Leave out the pictures and retype, exactly, the lines below from the line with "VaGo-Tools Glaswolle Putzgewebe" up to and including the line with "Ferrari Testarossa - Modelauto schaal 1:43", nothing more.

PROVIDED RECORDS:
* * *

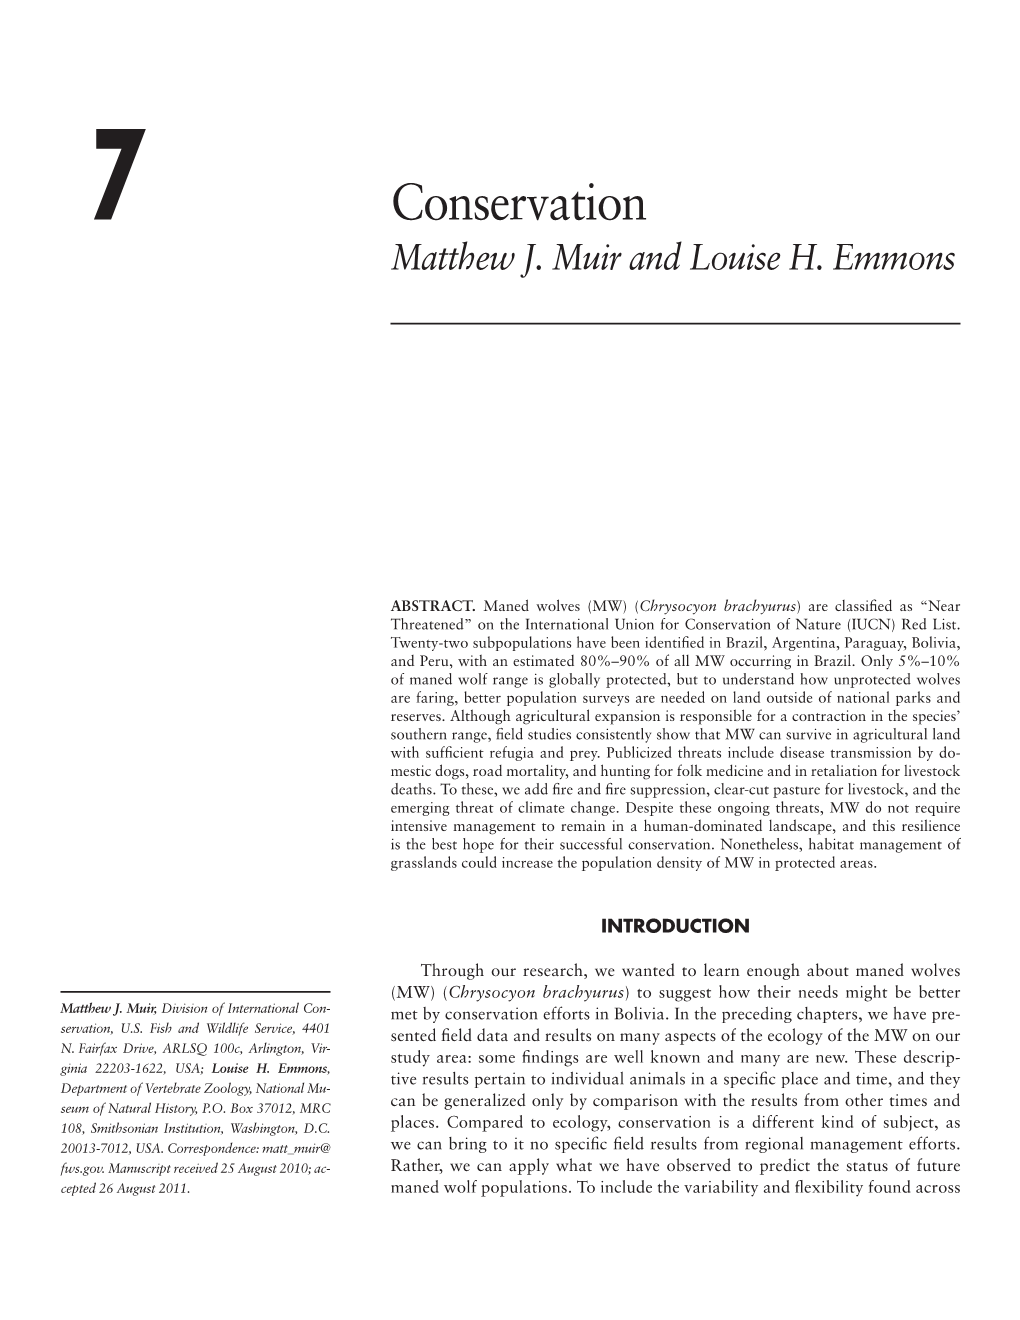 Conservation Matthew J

* * *

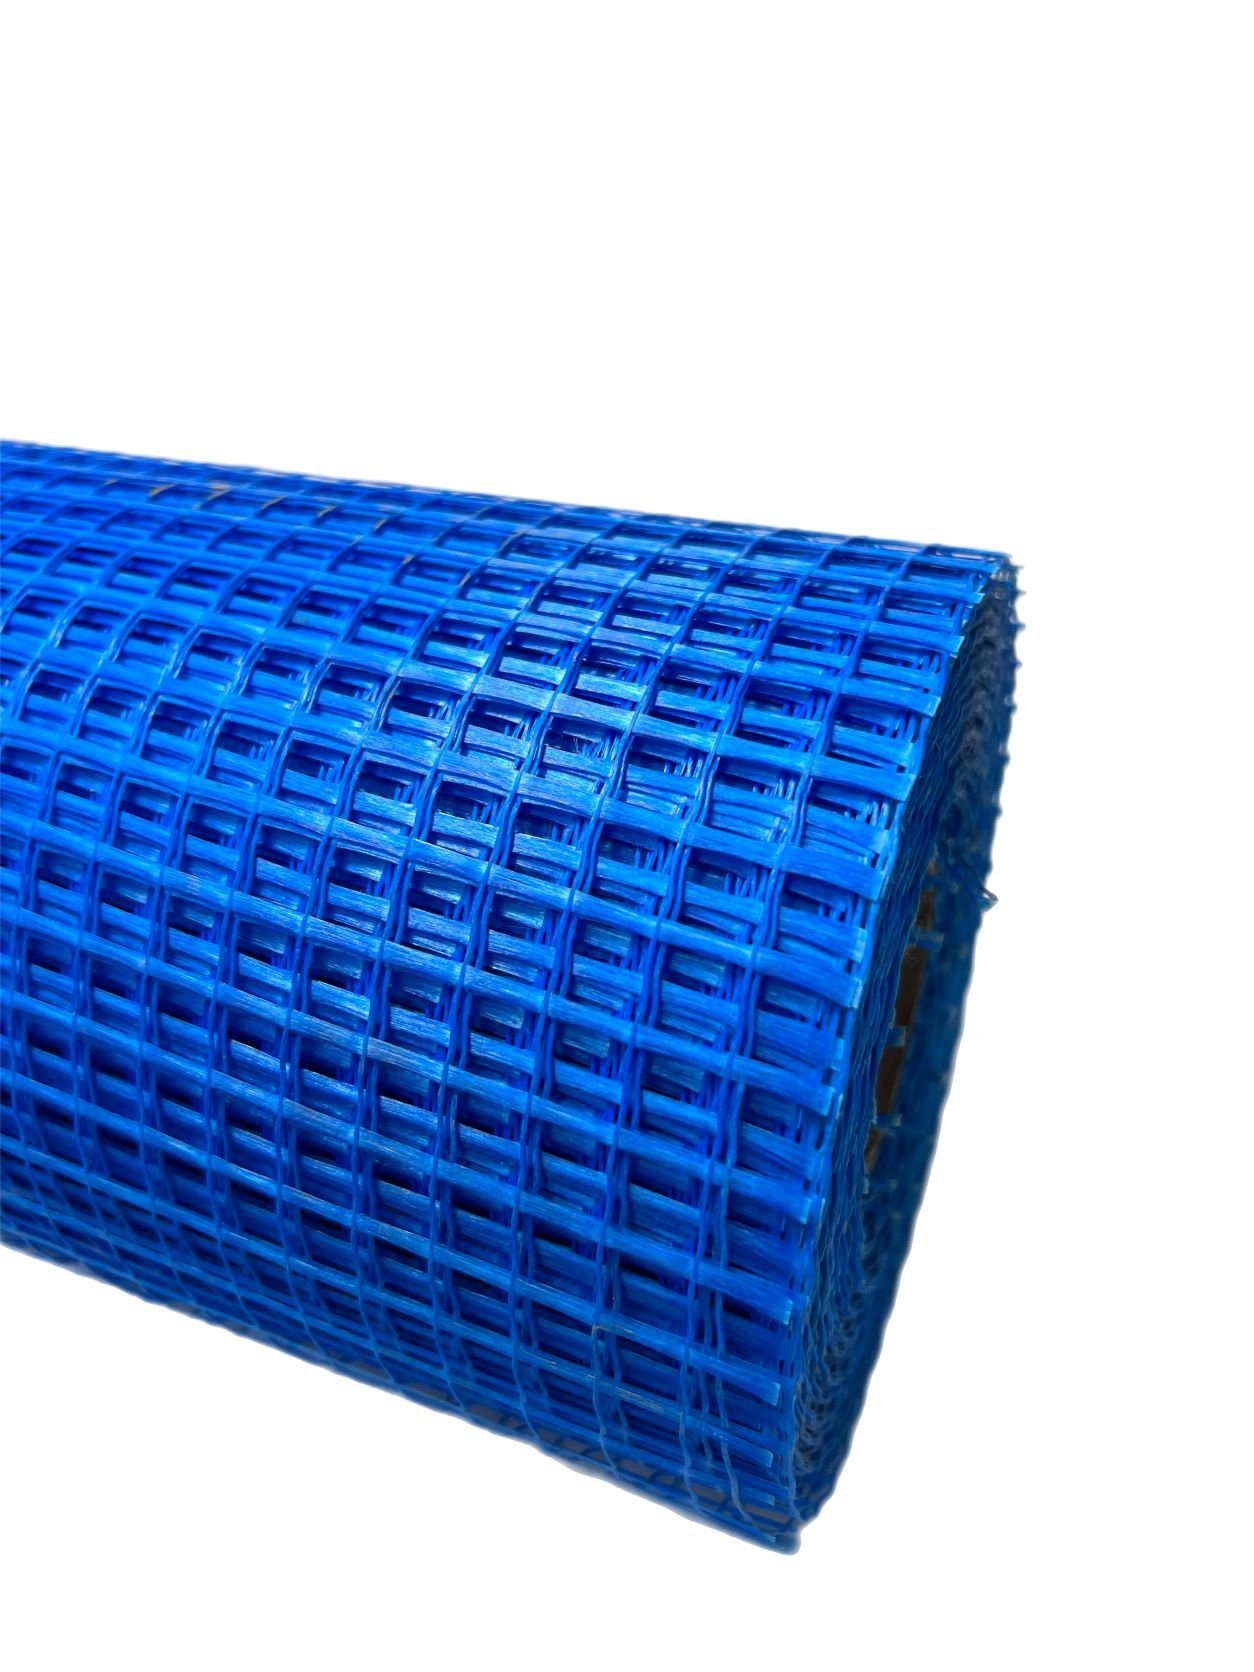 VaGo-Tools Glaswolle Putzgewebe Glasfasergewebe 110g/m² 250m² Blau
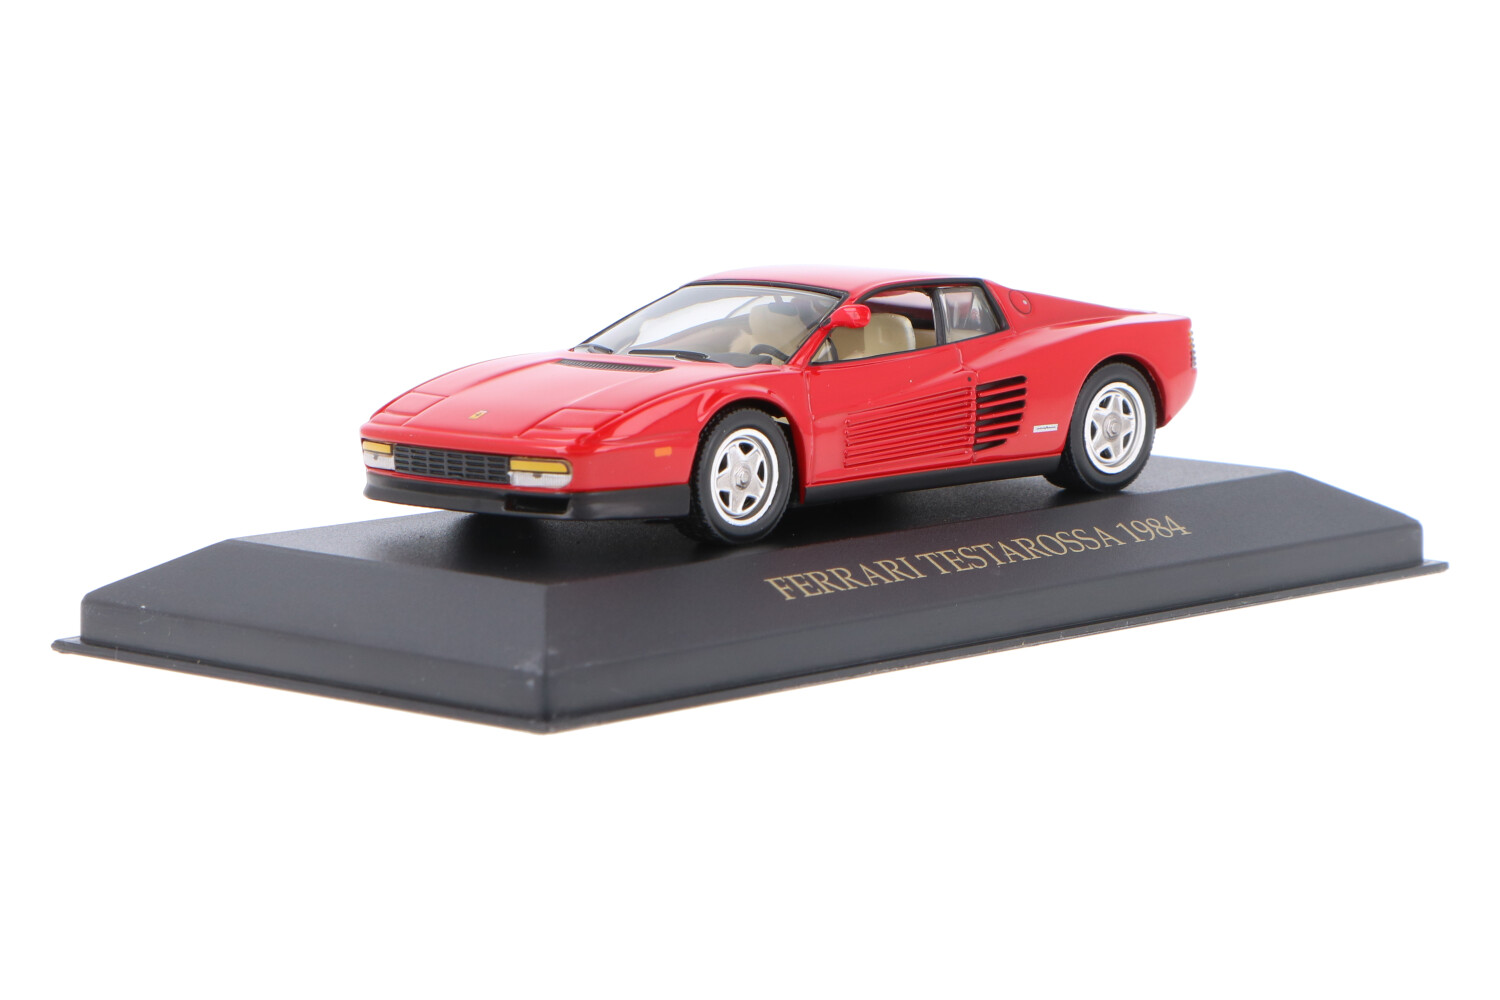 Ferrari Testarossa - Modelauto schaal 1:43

* * *

PROBLEM SOLUTION:
 VaGo-Tools Glaswolle Putzgewebe Glasfasergewebe 110g/m² 250m² Blau
 Ferrari Testarossa - Modelauto schaal 1:43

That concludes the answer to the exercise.